As the Masai herd gets ready to expand, Anderson and Horiszny also talked about the zoo’s past Baringo giraffes. Anderson nodded to a picture hanging on the barn of crooked-necked Gemina. Horiszny mentioned Sulima, a 21-year-old matriarch who befriended both Gemina and baby Daniel. Though Sulima’s death meant the end of Baringos in Santa Barbara, a necropsy helped keepers and vets better understand her arthritis and how to treat the condition in the future. “We’re always learning,” said Horiszny.

With the clock ticking, some zoo staff member and volunteers are already out of a 25 or so member pool predicting when the babies will come.

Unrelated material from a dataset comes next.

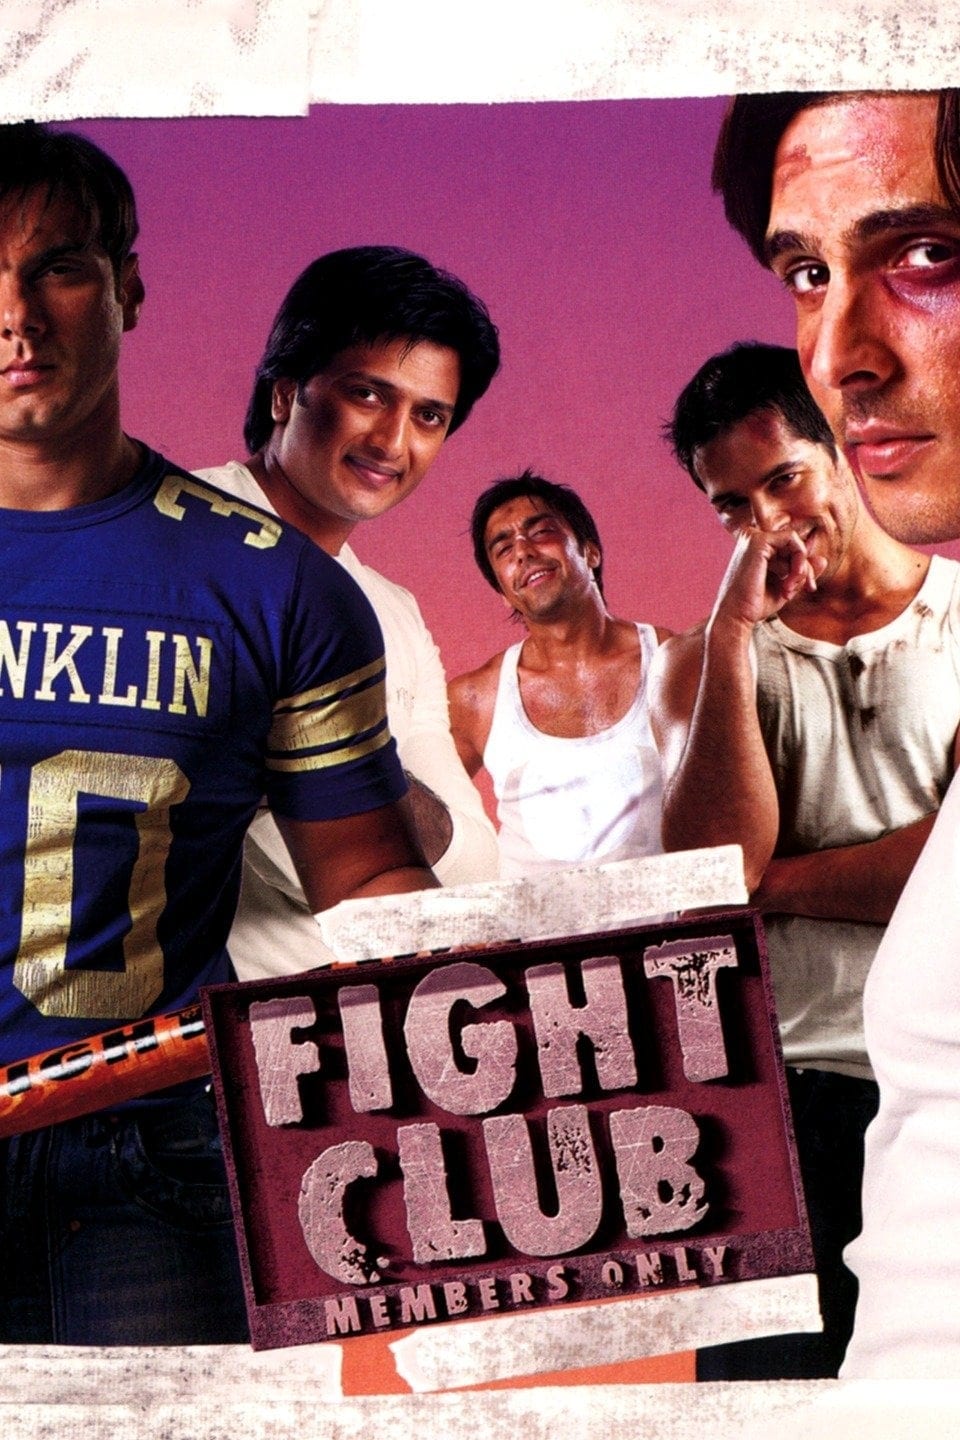 Poster for the movie "Fight Club: Members Only"

The pot is up to $50, and the winner will choose how it’s spent on enrichment toys, like a ball or pulley system to hang food. They’ll also get to be one of the first to meet the young pair. Their names will be chosen by donors, though giraffe’s genders will be a surprise to everyone.

GIRAFFE FACTS:

• Masai giraffes, native to Kenya and Tanzania, are the world’s tallest land mammal, reaching heights of 16 to 18 feet and weighing up to 3,000 pounds.

• Giraffes typically live 20-25 years.

• Giraffes eat leaves and buds from trees and shrubs, grabbing their food with an 18-inch prehensile tongue.

• The giraffe has the same number of vertebrae in its neck as people do. Theirs, though, are about 10 inches long.

• Giraffe hearts generate around double the normal blood pressure for a large mammal to maintain blood flow to its high-altitude brain.

• A giraffe’s lower legs are sheathed in extra thick skin to maintain extravascular pressure in the same way a pilot’s g-suit works.

• Giraffe “horns” are actually “ossicones” formed from ossified cartilage covered in skin.

• Every giraffe has a unique pattern of patches; color and hue varies by subspecies.